:: WHAT NEEDS TO BE DONE ::
Transcribe the listing exactly, so that nothing but the pictures is missing.

:: INFORMATION SHOWN ::
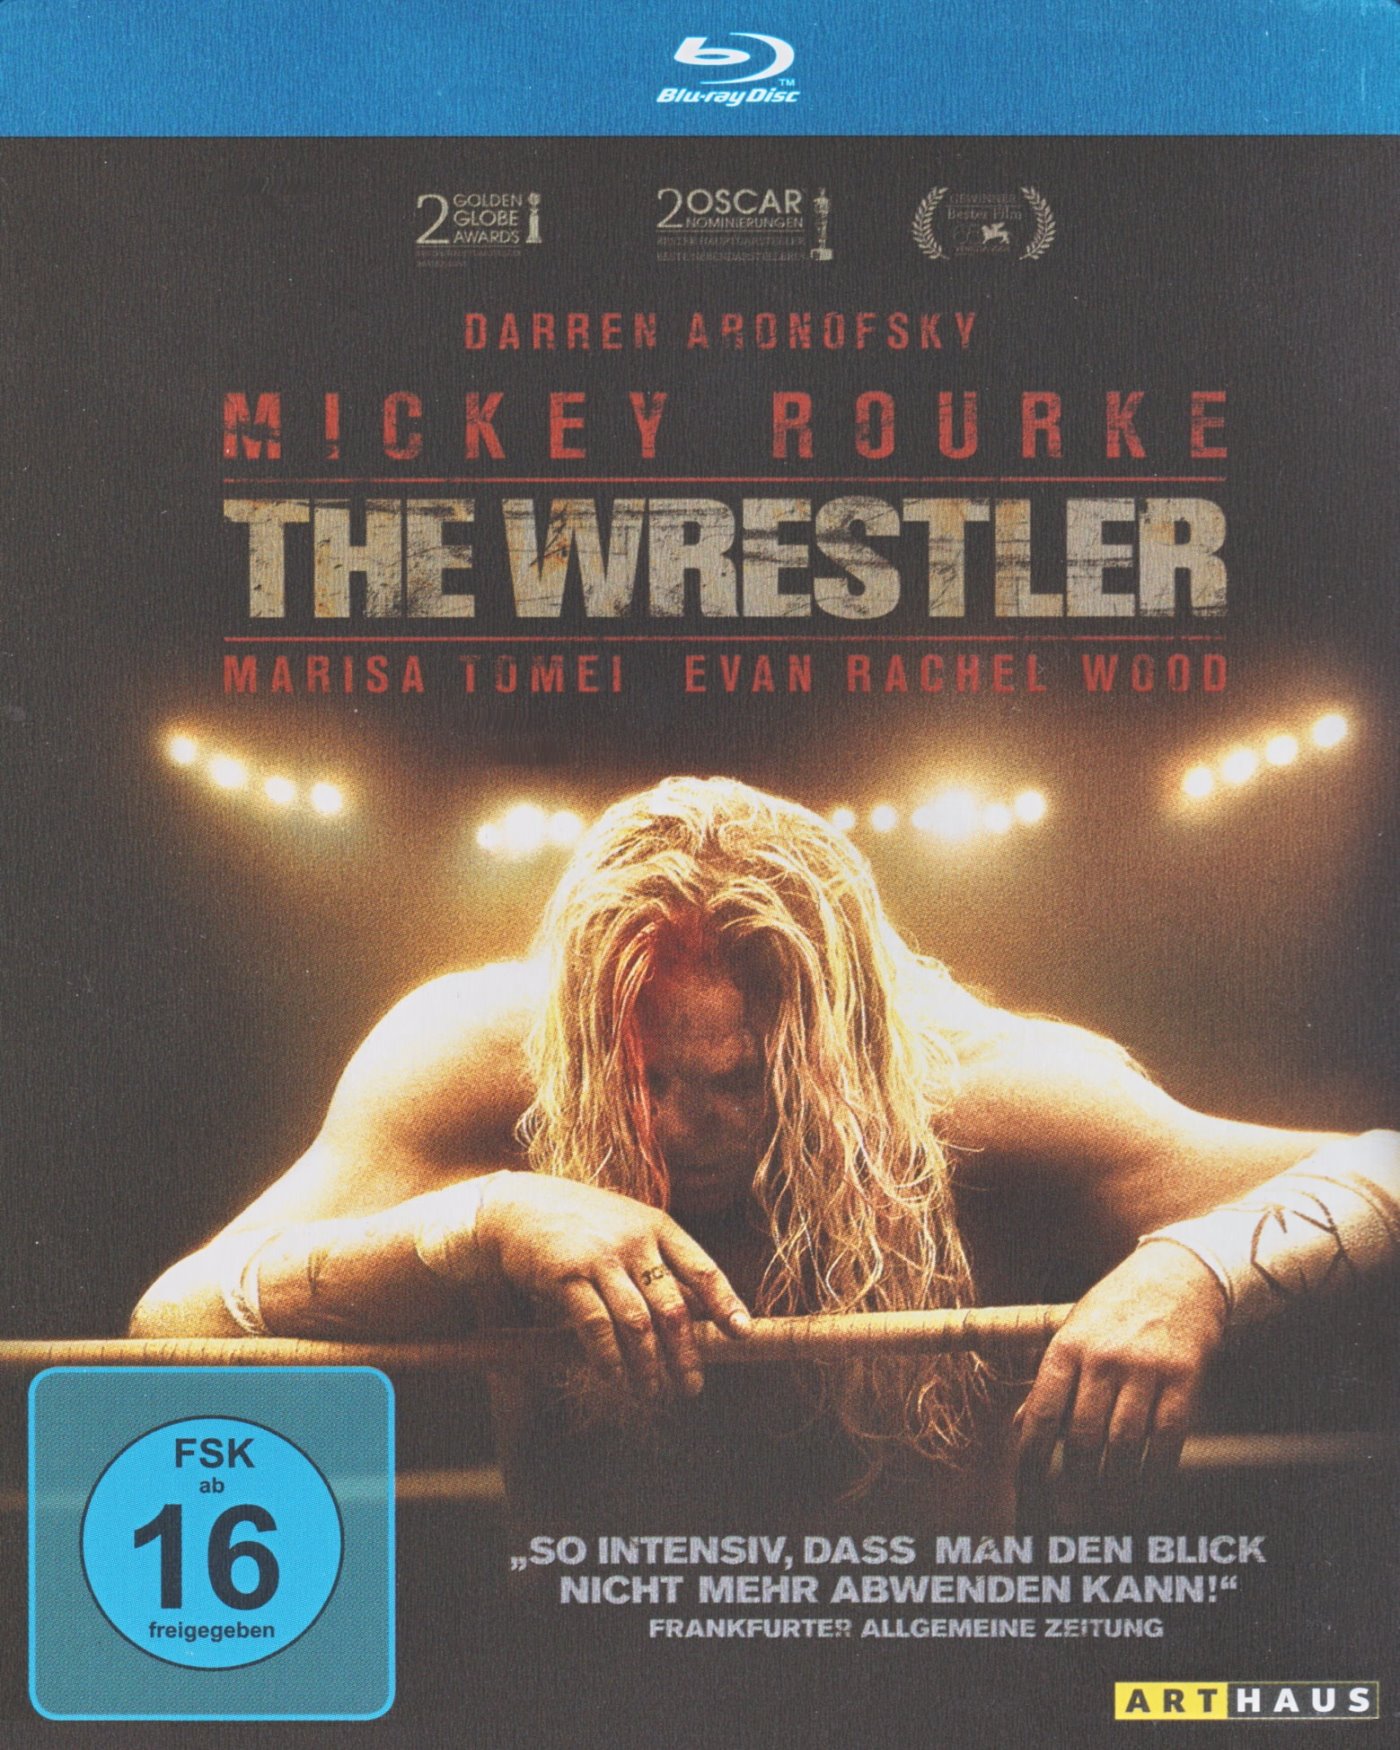 Cover - The Wrestler - Ruhm, Liebe, Schmerz.jpg
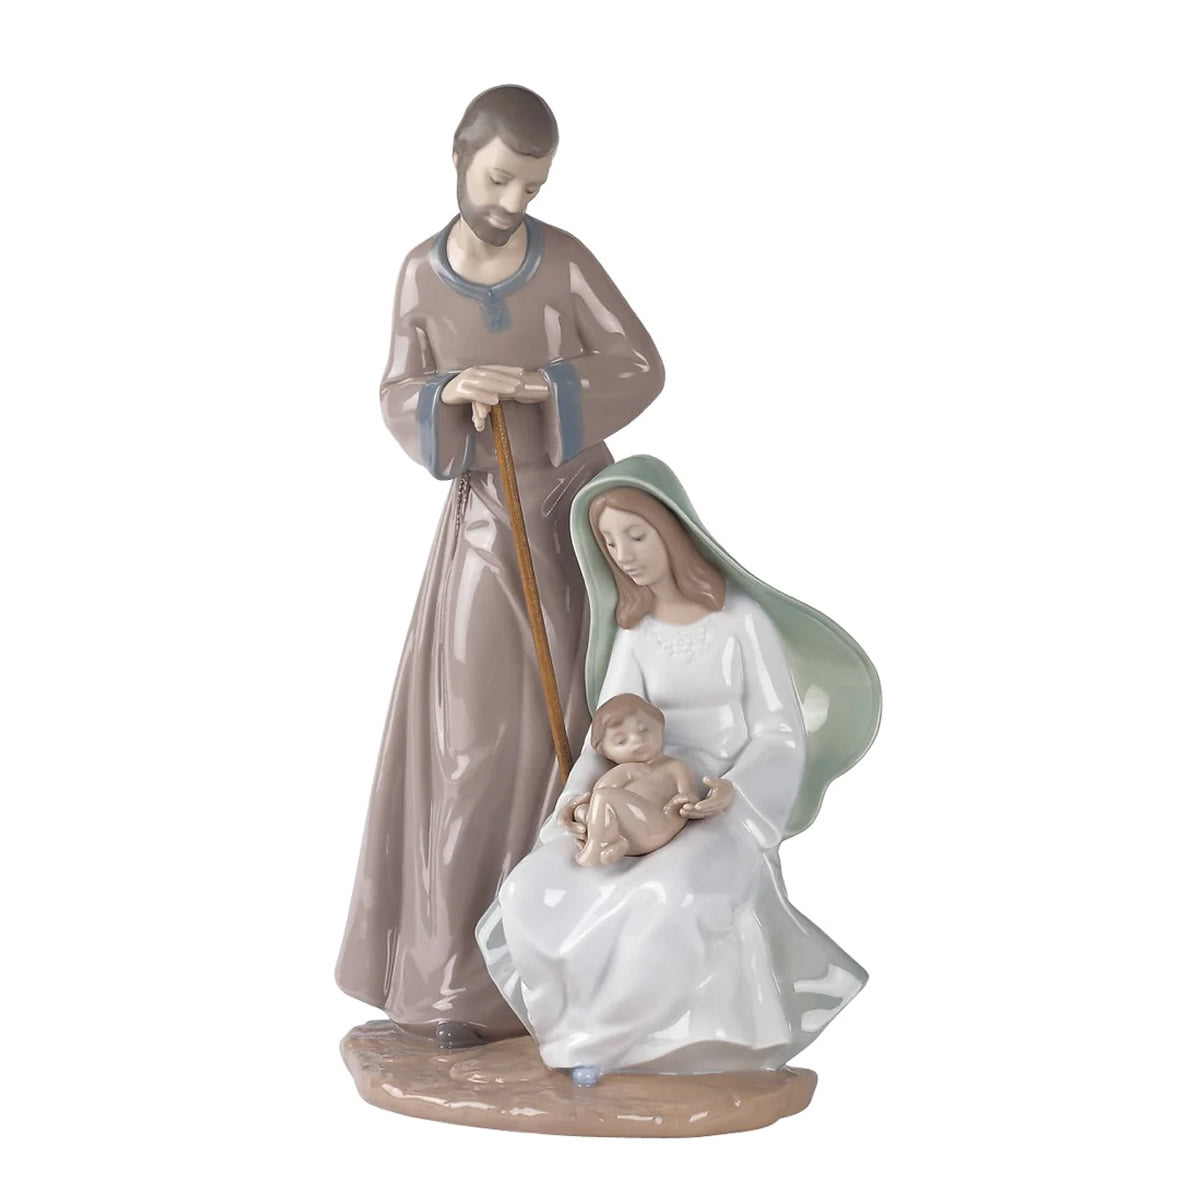 The Holy Family Porcelain Figurine by NAO
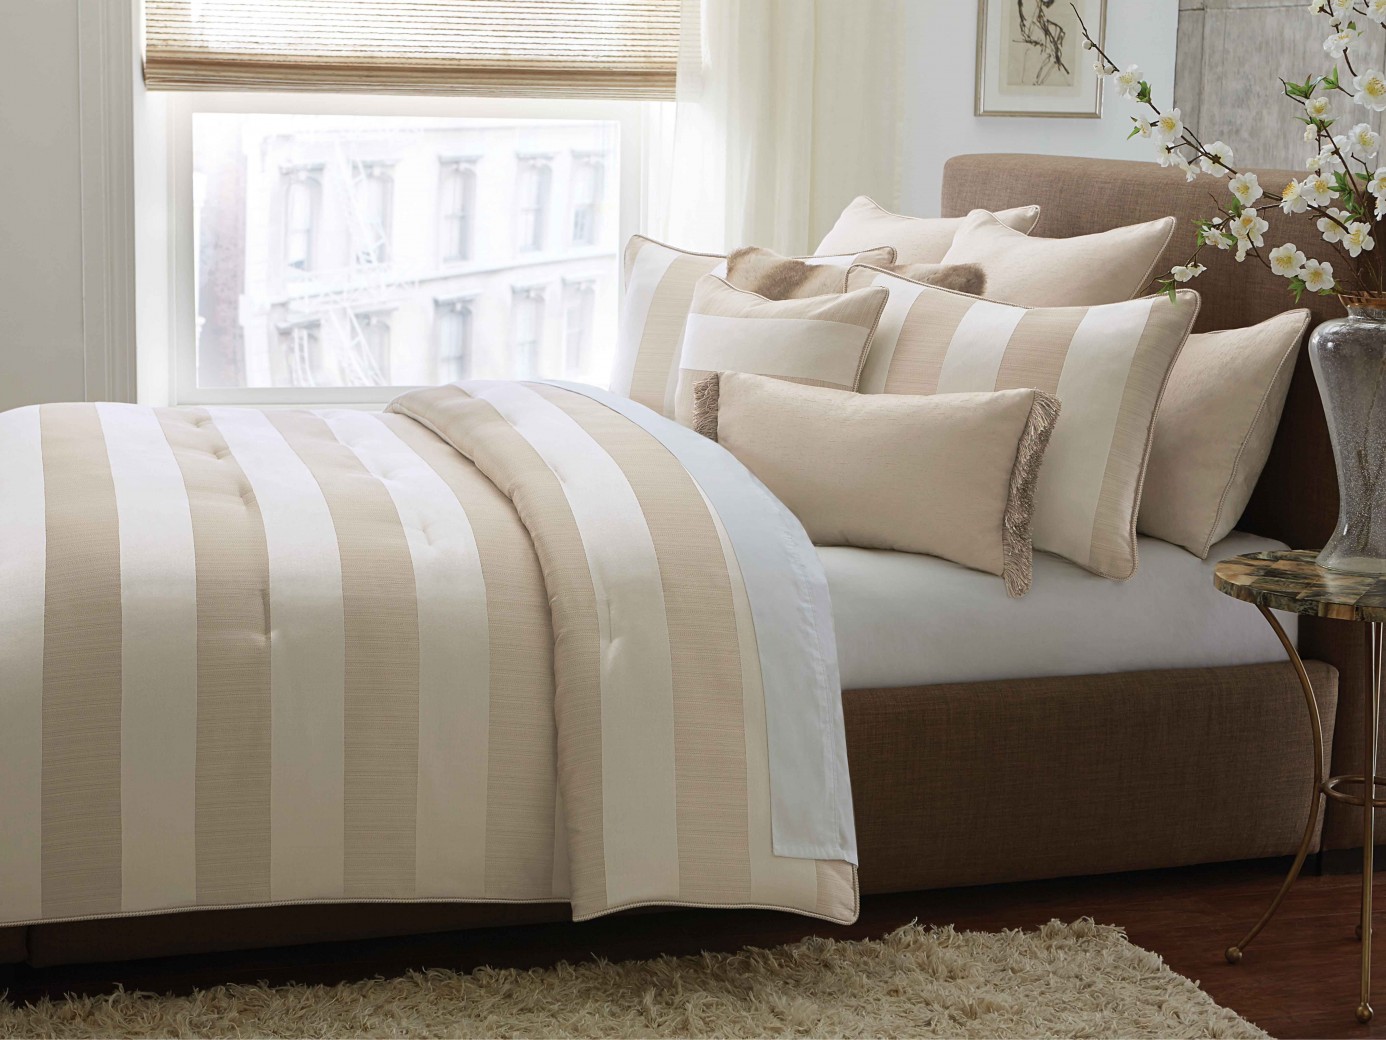  Michael Amini Amalfi Comforter Bedding Set by Aico

:: RESULT BELOW ::
 Cover - The Wrestler - Ruhm, Liebe, Schmerz.jpg
 The Holy Family Porcelain Figurine by NAO
  Michael Amini Amalfi Comforter Bedding Set by Aico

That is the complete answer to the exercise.